Terselip rasa bangga ketika sms
dari adik kelas itu kubaca. Merasa menjadi seseorang yang di ajeni kalo bahasa jawanya. Ketika sore
itu Rohis mengadakan lomba MTQ tingkat sekolah untuk menyeleksi peserta yang
akan diwakilkan mewakili sekolah dalam lomba tingkat kecamatan beberapa minggu
lagi, aku beserta dua orang lagi temanku dimintai bantuan untuk menjadi dewan
juri dalam salah satu cabang lomba yang dipertandingkan.
Kupersiapkan
segala keperluan untuk menyambut hari itu, salah satunya adalah penampilanku.
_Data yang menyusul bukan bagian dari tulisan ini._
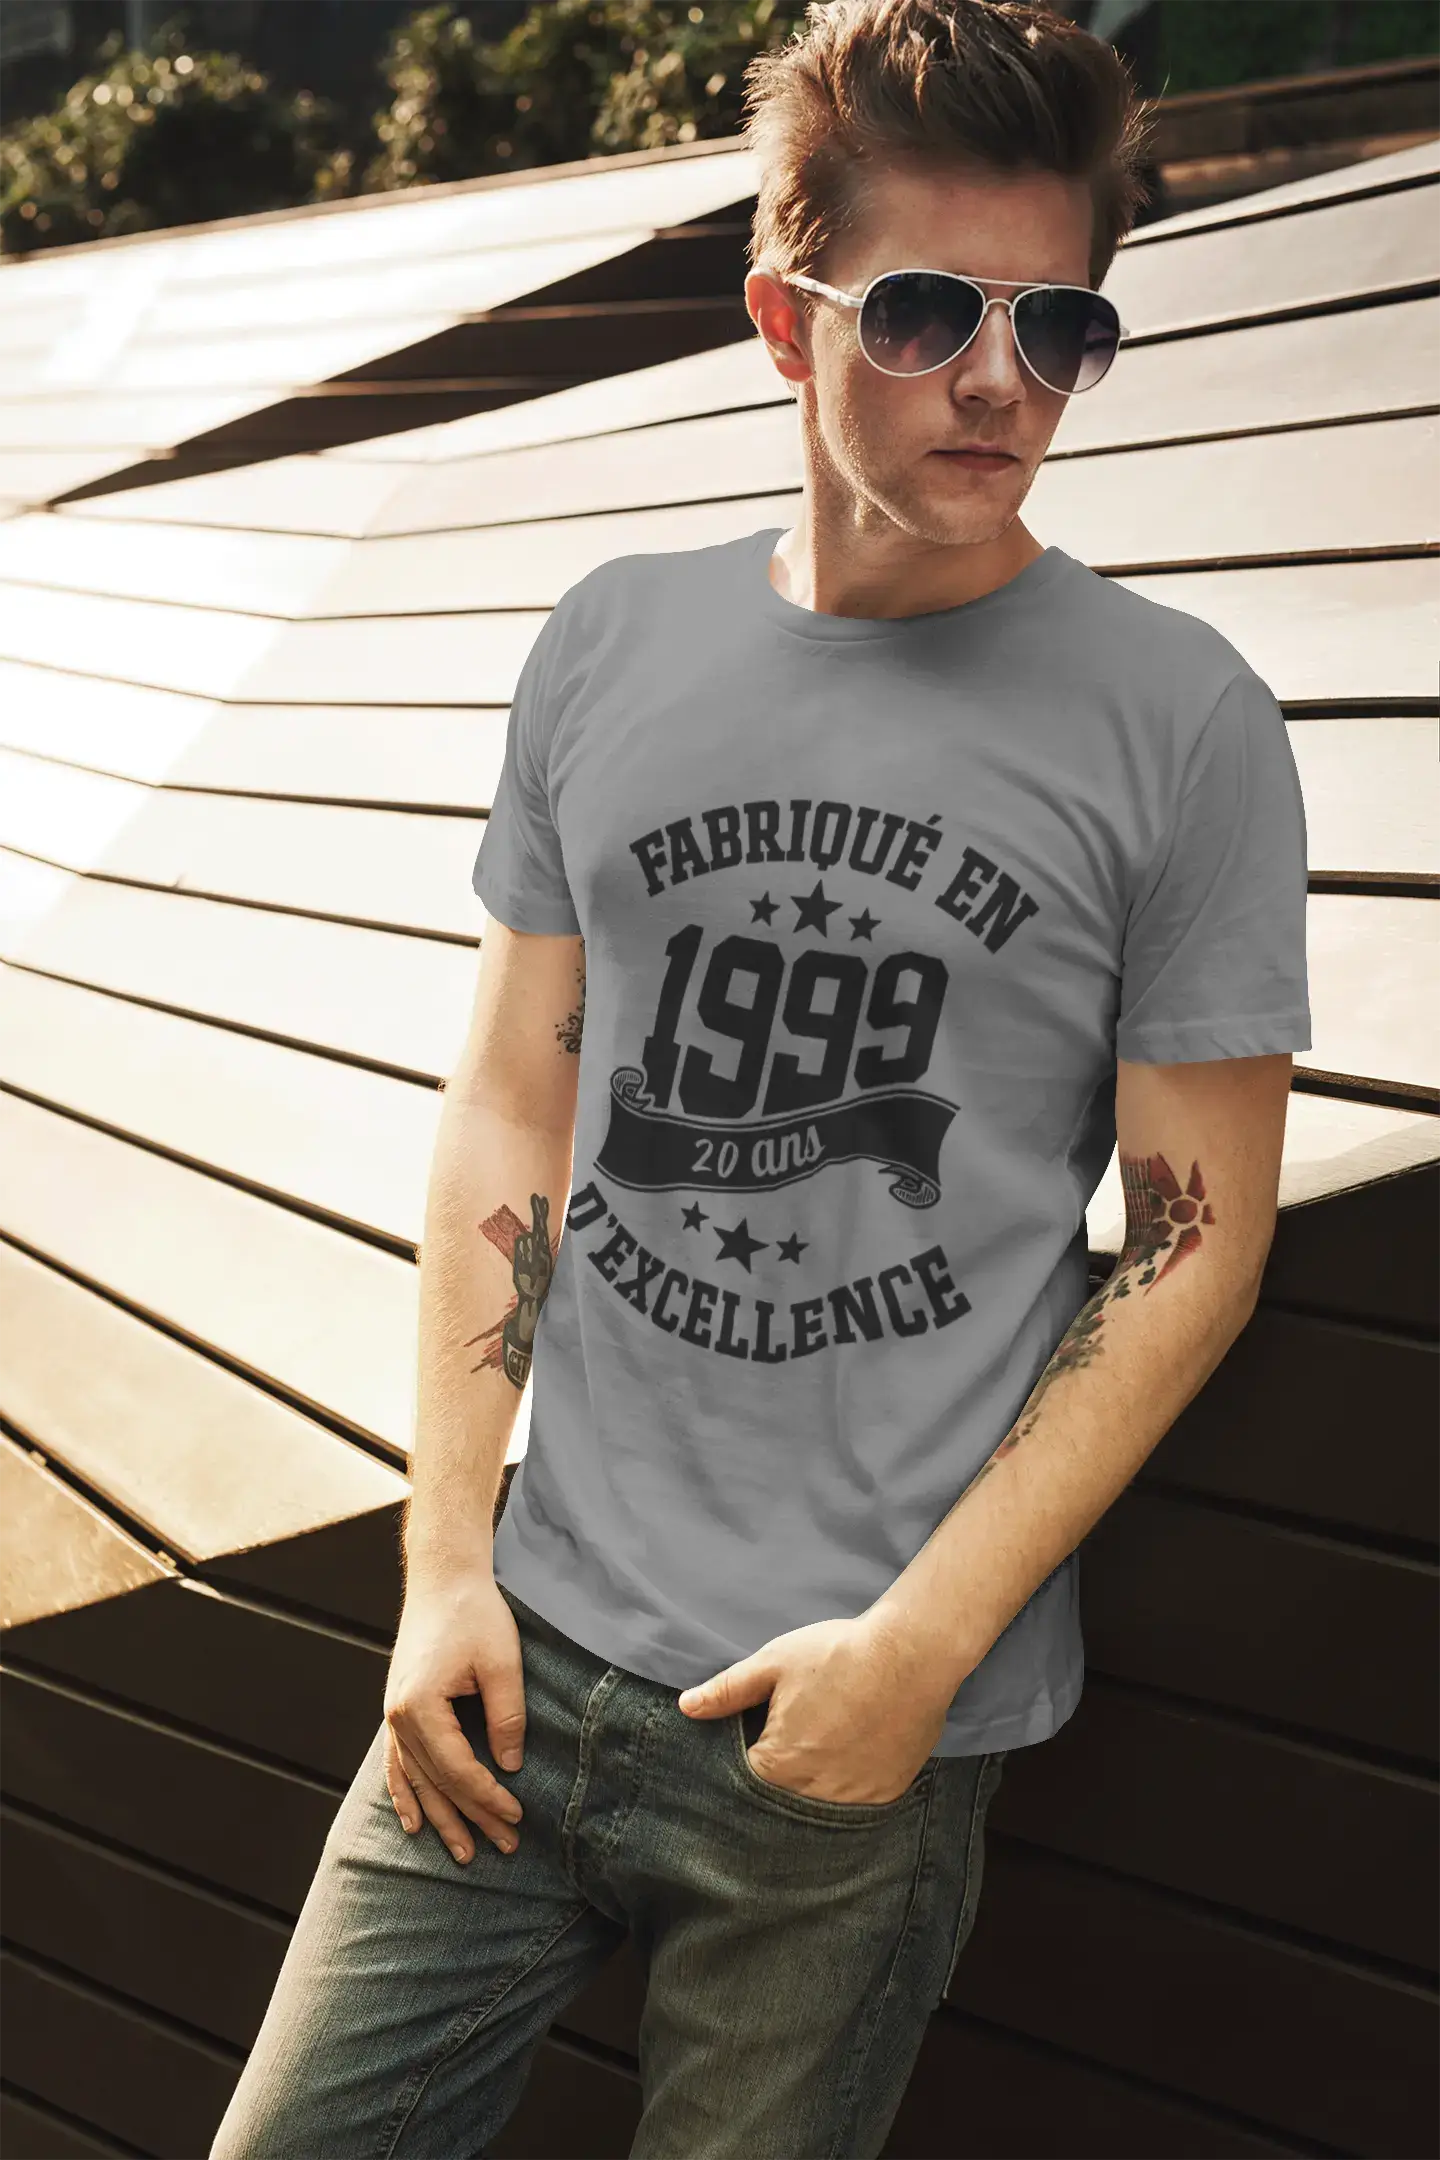 ULTRABASIC - Fabriqué en 1999, 20 Ans d'être Génial Unisex T-Shirt Bordeaux

Karena aku percaya bahwa kesan pertama orang yang bertemu dengan kita adalah
dari penampilan. Saat itu kukenakan baju kotak-kotak perpaduan warna hitam,
coklat, dan merah tua, rok hitam dan jilbab merah marun. Perpaduan yang manis
sekali. Plus ditambah sepatu hitam yang menambah keanggunan langkahku.
Tapi
lihatlah, baru kusadari bahwa saat itu ada satu hal teramat penting yang
kulupakan, itulah yang kemudian meyebabkan Allah menegurku dengan sangat halus.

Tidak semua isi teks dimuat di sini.